On Wed, Nov 23, 2011 at 10:06 AM, Aron Broom <broomsday_at_gmail.com> wrote:
> @Nicholas,
>
>> I probably missed your point here, but on a Kentsfield Q6600 quad and
>> using the ApoA1 test we see x5 acceleration using a GTX460 card (going
>> from 0.44 ns/day without CUDA, to 2.22 ns/day with CUDA). Going five times
>> faster is definitely not 'practically useless'. Having said that, for the
>> needs of 'high powered computing initiatives' I'm not qualified to speak.
>
> That is actually more or less the improvement that I see with 2 M2070 cards
> attached to a hexa-core xeon.  That is quite surprising to me, and really
> quite fantastic.  What are the conditions of your system (size,
> electrostatic cutoff, etc)?  Certainly this completely negates my point if
> you can get equivalent acceleration from a consumer card.

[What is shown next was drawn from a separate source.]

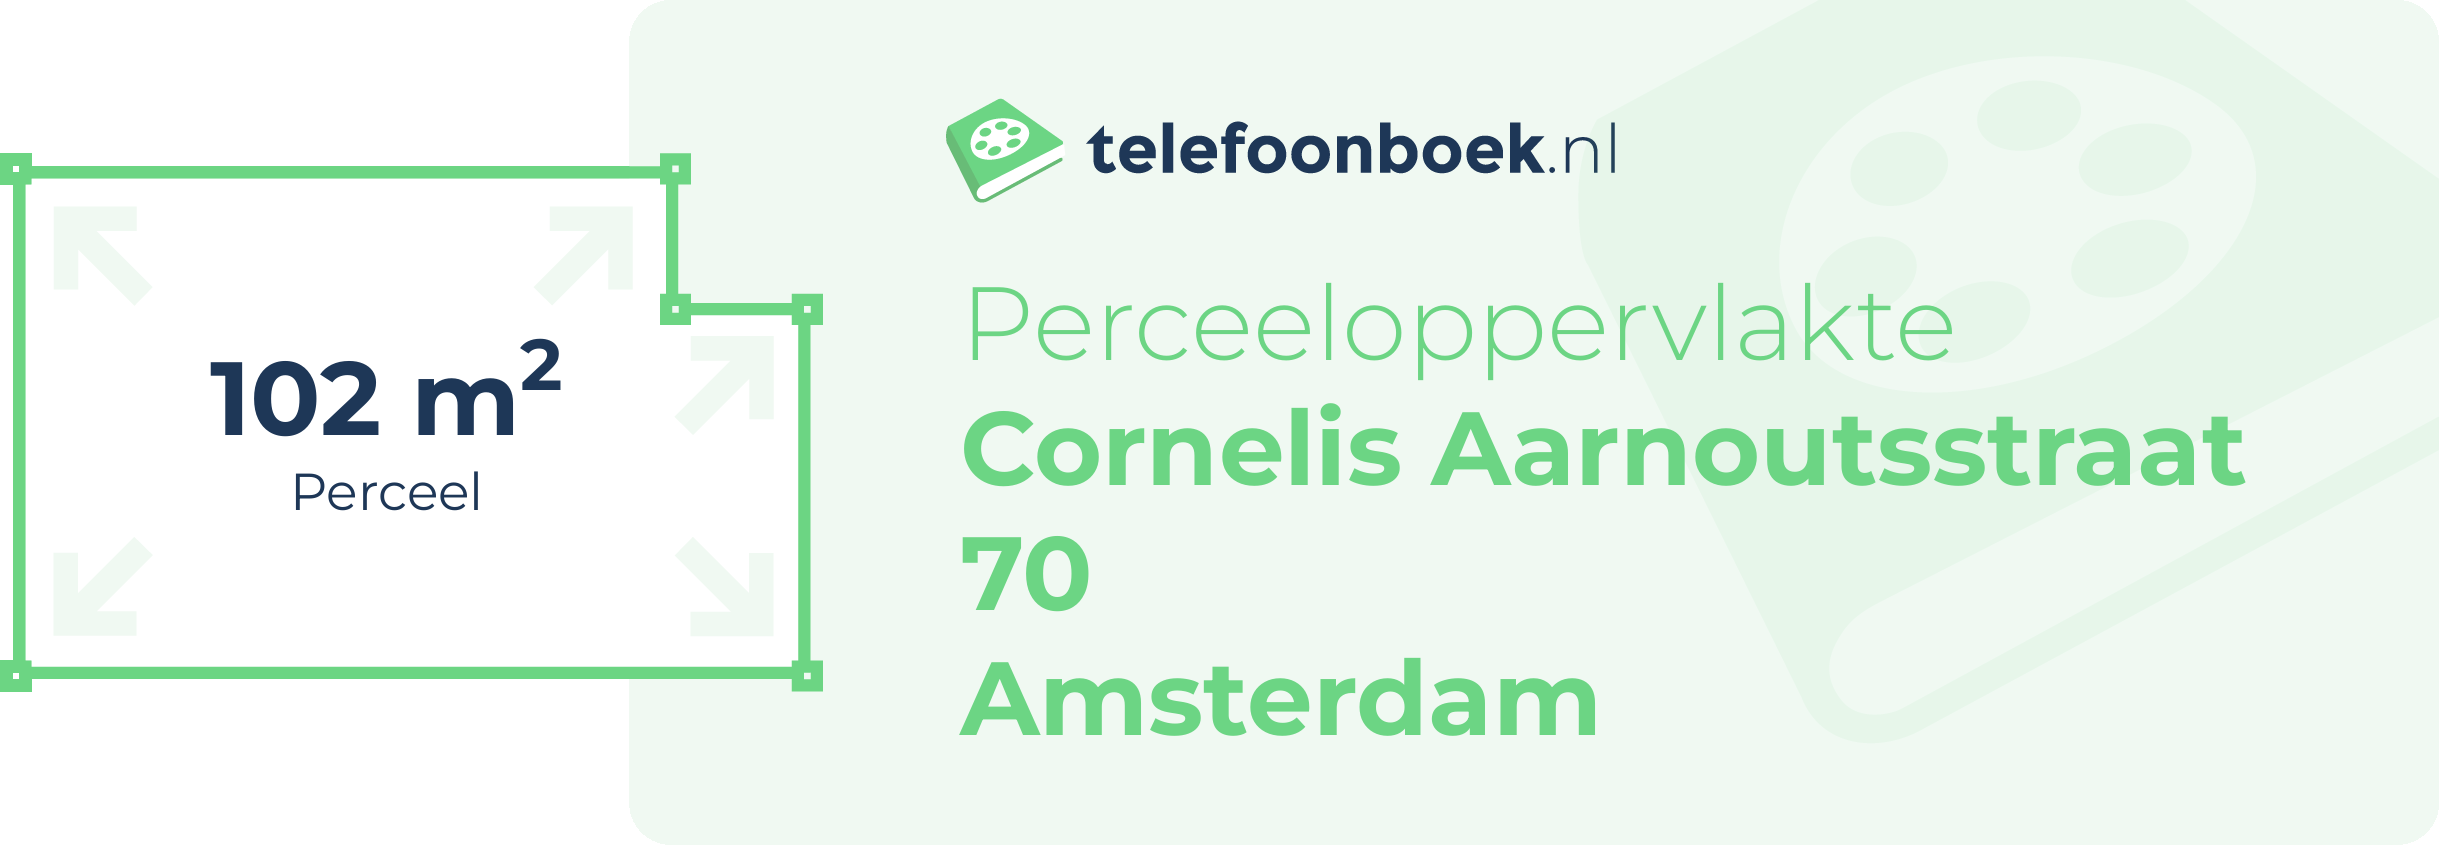 Perceeloppervlakte Cornelis Aarnoutsstraat 70 Amsterdam

there are three issues to consider:
1) consumer cards tend to have a higher clock on memory and GPU.
  for classical MD the memory access speed pretty much dominant
  in terms of how fast MD can run. the best indicator for this is the
  performance of an MD code that run entirely on the GPU, e.g. HOOMD
  http://codeblue.umich.edu/hoomd-blue/benchmarks.html

2) Tesla cards with ECC enabled take a (~10%?) performance hit
  in terms of memory access speed, which is dominating performance
  for high end hardware.

3) it matters what kind of PCI-e connection bandwidth you have.
  quite a few "GPU-ready" cluster nodes (to be equipped with M20x0
  GPUs) have only 8x PCI-e slots. for a code like NAMD that has
  to transfer a lot of information across the PCI-e bus in every time
  step, that matters a lot, particularly when oversubscribing the GPU.
  it gets worse for S2070 quad GPU nodes, since the add PCI-e
  bridges where two GPUs have to share a PCI-e slot in the host.

> @ Axel
>
>> to get something implemented "soon" in a scientific software package,
>> you have basically two options: do it yourself, get the money to
>> hire somebody to do it. there is a severe limit of people capable
>> (and willing) to do this kind of work and unless somebody gets paid
>> for doing something, there are very limited chances to implement
>> something that already exists in some other shape or form
>> regardless how much sense it makes to redo it.
>
> Yes, I see the point.  Actually I've found that NAMD has quite a lot of
> features, and it's really quite impressive how well it compares with
> expensive packages like AMBER.  I know of at least one initiative to make a

AMBER is *not* expensive. the performance of the amber MD codes
(sander and pmemd) suffers from having to carry so much legacy
around, since the amber package is much older than NAMD.
just have a look at CHARMm which has been around for so much
longer even. this is also one of the reasons why amber developers
get a higher speedup from using GPUs, since their CPU reference
is so much worse than the one in NAMD.

> general CUDA->OpenCL code converter, done by Matt Harvey at Imperial College
> London, called Swan, but I'm not sure it would work in this case as a high
> degree of optimization is clearly needed.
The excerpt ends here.